This project has retired. For details please refer to its Attic page.
Chukwa Agent Setup Guide
Apache > Hadoop > Chukwa
 

Chukwa Agent Setup Guide

Overview

In a normal Chukwa installation, an Agent process runs on every machine being monitored. This process is responsible for all the data collection on that host. Data collection might mean periodically running a Unix command, or tailing a file, or listening for incoming UDP packets.

Each particular data source corresponds to a so-called Adaptor. Adaptors are dynamically loadable modules that run inside the Agent process. There is generally one Adaptor for each data source: for each file being watched or for each Unix command being executed. Each adaptor has a unique name. If you do not specify a name, one will be autogenerated by hashing the Adaptor type and parameters.

There are a number of Adaptors built into Chukwa, and you can also develop your own. Chukwa will use them if you add them to the Chukwa library search path (e.g., by putting them in a jarfile in $CHUKWA_HOME/lib.)

Agent Control

Once an Agent process is running, there are a number of commands that you can use to inspect and control it. By default, Agents listen for incoming commands on port 9093. Commands are case-insensitive

CommandPurposeOptions
add Start an adaptor. See below
close Close socket connection to agent.None
help Display a list of available commandsNone
list List currently running adaptorsNone
reloadcollectors Re-read list of collectorsNone
stop Stop adaptor, abruptlyAdaptor name
shutdown Stop adaptor, gracefullyAdaptor name
stopagent Stop agent processNone

The add command is by far the most complex; it takes several mandatory and optional parameters. The general form is as follows:

add [name =] <adaptor_class_name> <datatype> <adaptor 
specific params> <initial offset>. 

There are four mandatory fields: The word add, the class name for the Adaptor, the datatype of the Adaptor's output, and the sequence number for the first byte. There are two optional fields; the adaptor instance name, and the adaptor parameters.

The adaptor name, if specified, should go after the add command, and be followed with an equals sign. It should be a string of printable characters, without whitespace or '='.

Adaptor parameters aren't required by the add command, but adaptor implementations may have both mandatory and optional parameters. See below.

Command-line options

Normally, agents are configured via the file conf/chukwa-agent-conf.xml. However, there are a few command-line options that are sometimes useful in troubleshooting. If you specify "local" as an option, then the agent will print chunks to standard out, rather than to a collector. If you specify a URI, then that will be used as collector, overriding the collectors specified in conf/collectors. These options are intended for testing and debugging, not for production use.

bin/agent.sh local

Adaptors

This section lists the standard adaptors, and the arguments they take.

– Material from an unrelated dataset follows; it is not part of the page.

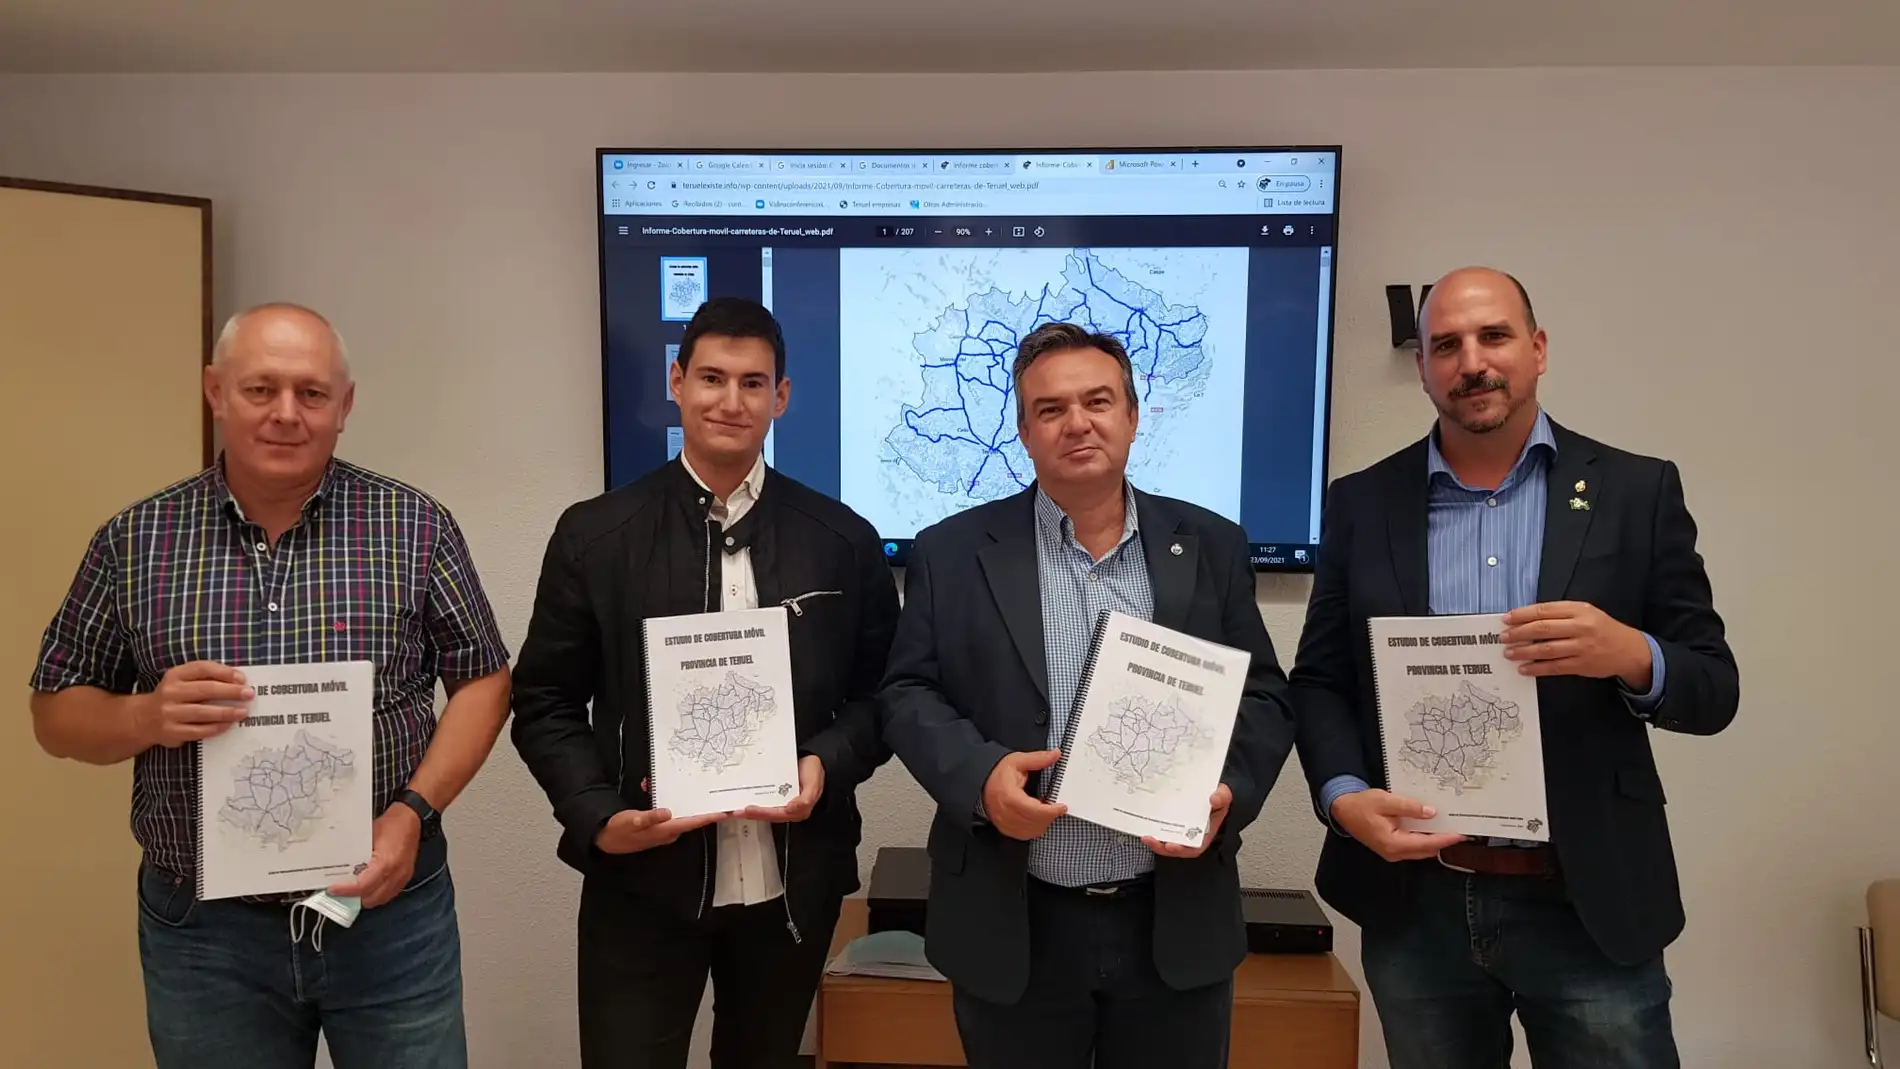 Representantes del movimiento ciudadano y del Colegio Oficial del Ingenieros en Telecomunicaciones de Aragón durante la presentación del estudio
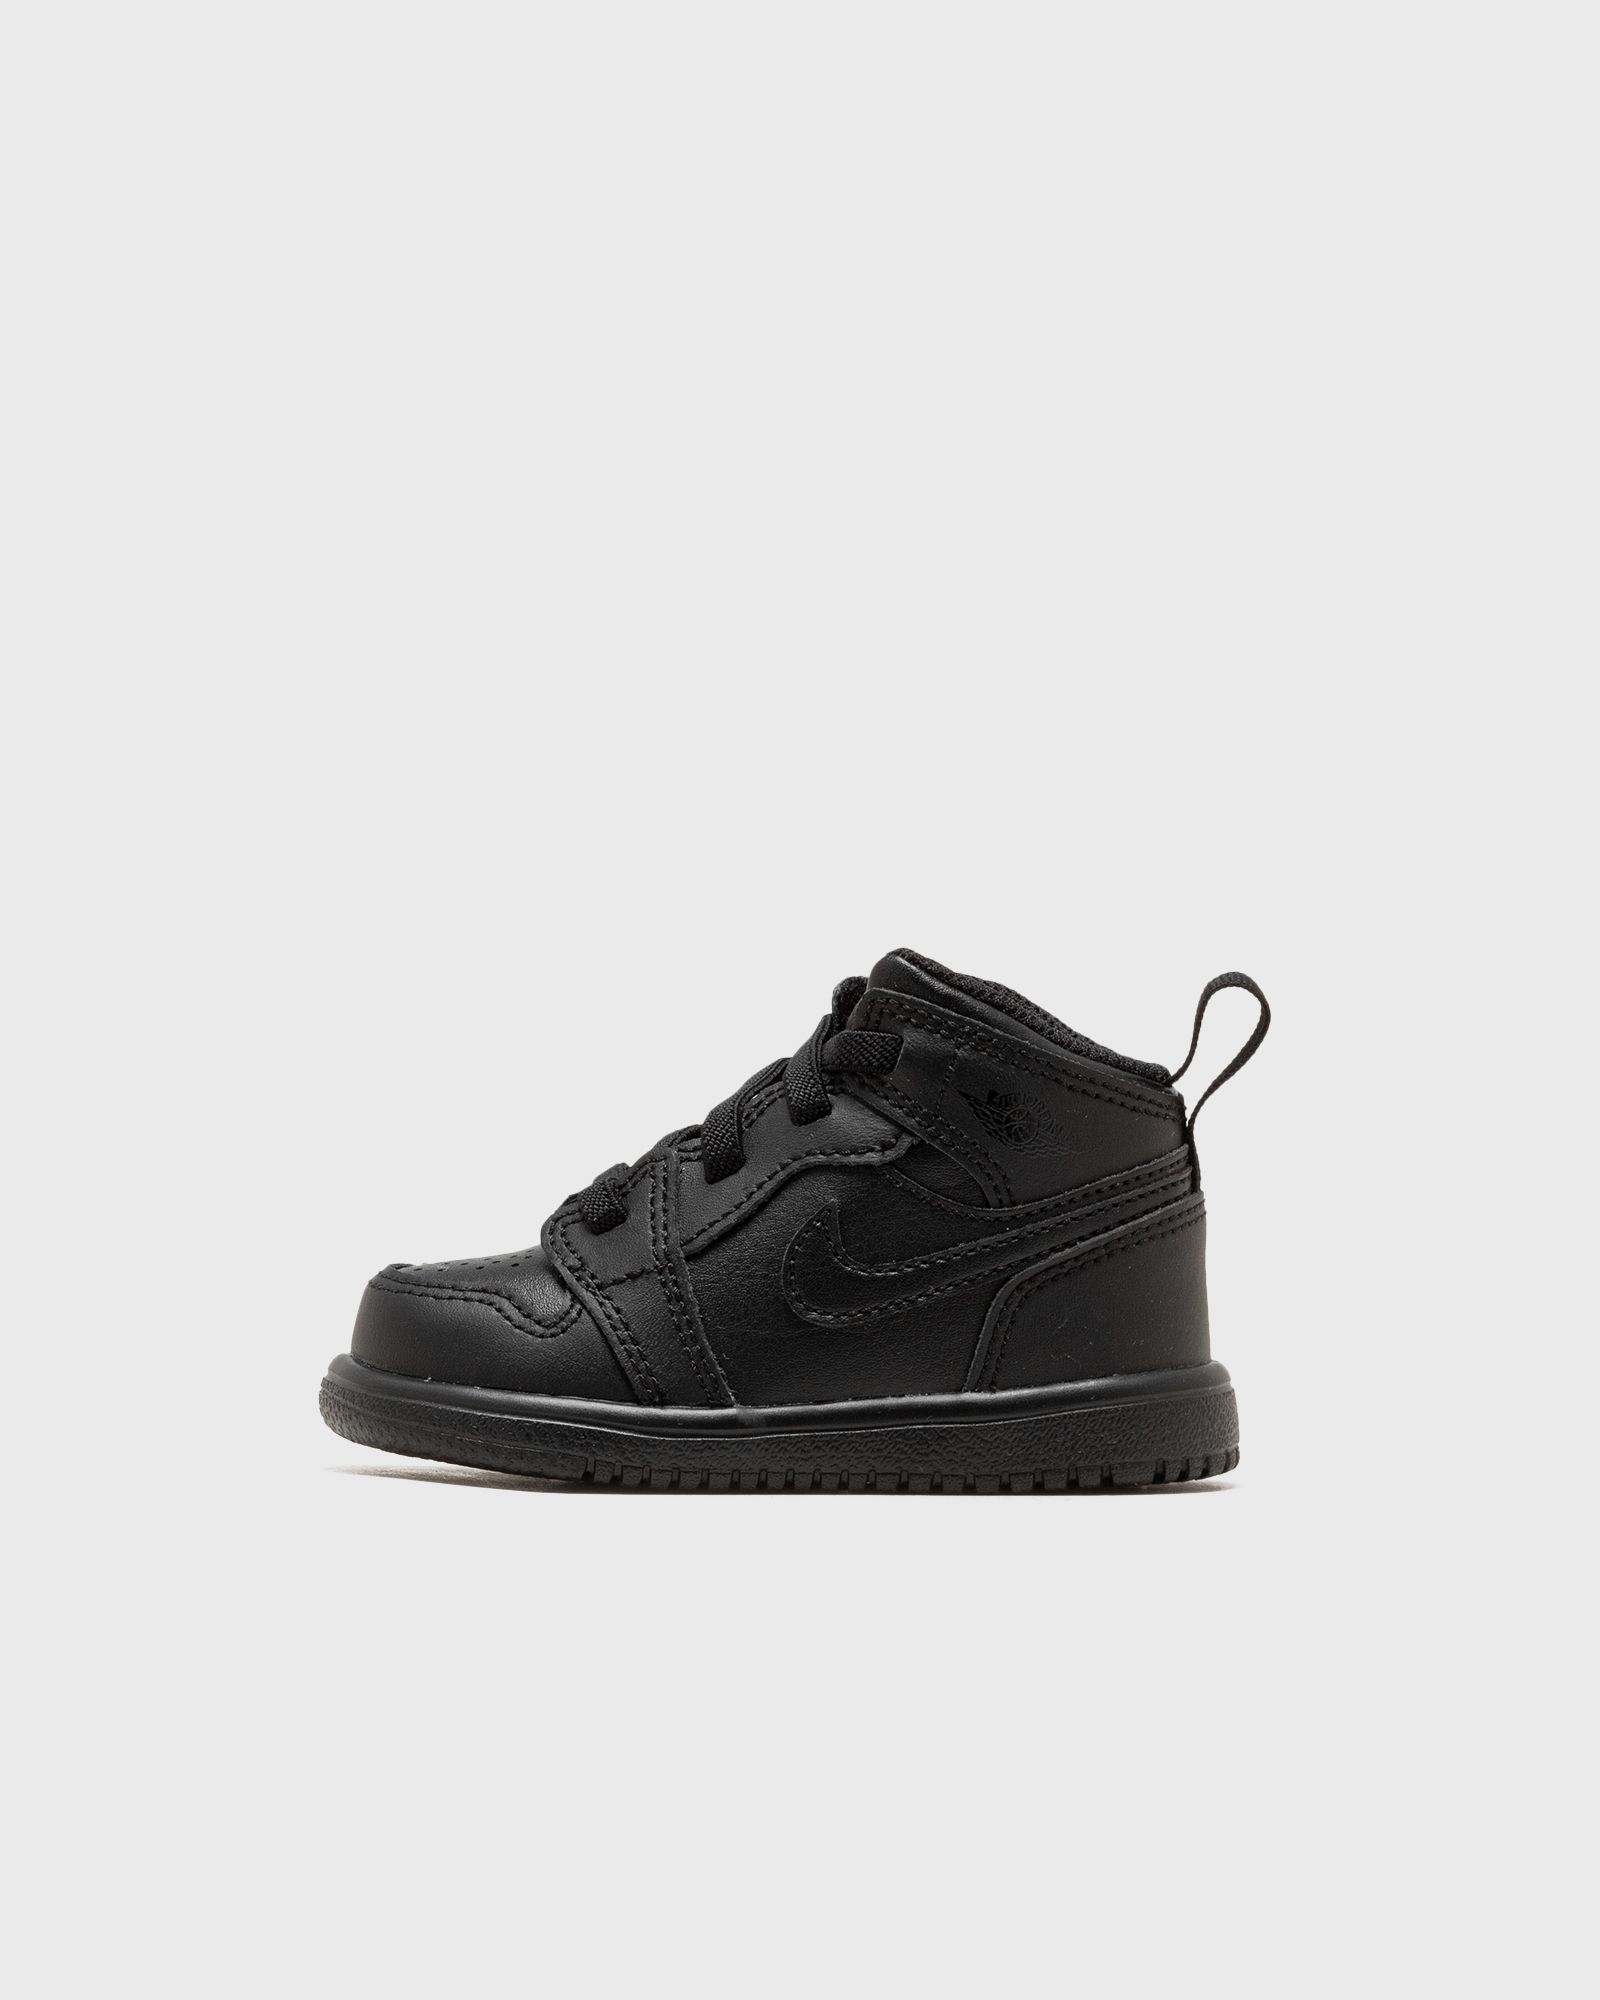 Jordan - 1 mid alt (td)  sneakers black in größe:27

  • FileAdaptor: Pushes a whole file, as one Chunk, then exits. Takes one mandatory parameter; the file to push.
    add FileTailer FooData /tmp/foo 0
    This pushes file /tmp/foo as one chunk, with datatype FooData.
  • filetailer.FileTailingAdaptor Repeatedly tails a file, treating the file as a sequence of bytes, ignoring the content. Chunk boundaries are arbitrary. This is useful for streaming binary data. Takes one mandatory parameter; a path to the file to tail.
    add filetailer.FileTailingAdaptor BarData /foo/bar 0
    This pushes /foo/bar in a sequence of Chunks of type BarData
  • filetailer.CharFileTailingAdaptorUTF8 The same, except that chunks are guaranteed to end only at carriage returns. This is useful for most ASCII log file formats.
  • filetailer.CharFileTailingAdaptorUTF8NewLineEscaped The same, except that chunks are guaranteed to end only at non-escaped carriage returns. This is useful for pushing Chukwa-formatted log files, where exception stack traces stay in a single chunk.
  • DirTailingAdaptor Takes a directory path and a second adaptor name as mandatory parameters; repeatedly scans that directory and all subdirectories, and starts the indicated adaptor running on each file. Since the DirTailingAdaptor does not, itself, emit data, the datatype parameter is applied to the newly-spawned adaptors. Note that if you try this on a large directory, it is possible to exceed your system's limit on open files.
    add DirTailingAdaptor logs /var/log/ filetailer.CharFileTailingAdaptorUTF8 0
  • ExecAdaptor Takes a frequency (in miliseconds) as optional parameter, and then program name as mandatory parameter. Runs that program repeatedly at a rate specified by frequency.
    add ExecAdaptor Df 60000 /bin/df -x nfs -x none 0
    This adaptor will run df every minute, labelling output as Df.
  • edu.berkeley.chukwa_xtrace.XtrAdaptor (available in contrib) Takes an Xtrace ReportSource classname [without package] as mandatory argument, and no optional parameters. Listens for incoming reports in the same way as that ReportSource would.
    add edu.berkeley.chukwa_xtrace.XtrAdaptor Xtrace UdpReportSource 0
    This adaptor will create and start a UdpReportSource, labeling its output datatype as Xtrace.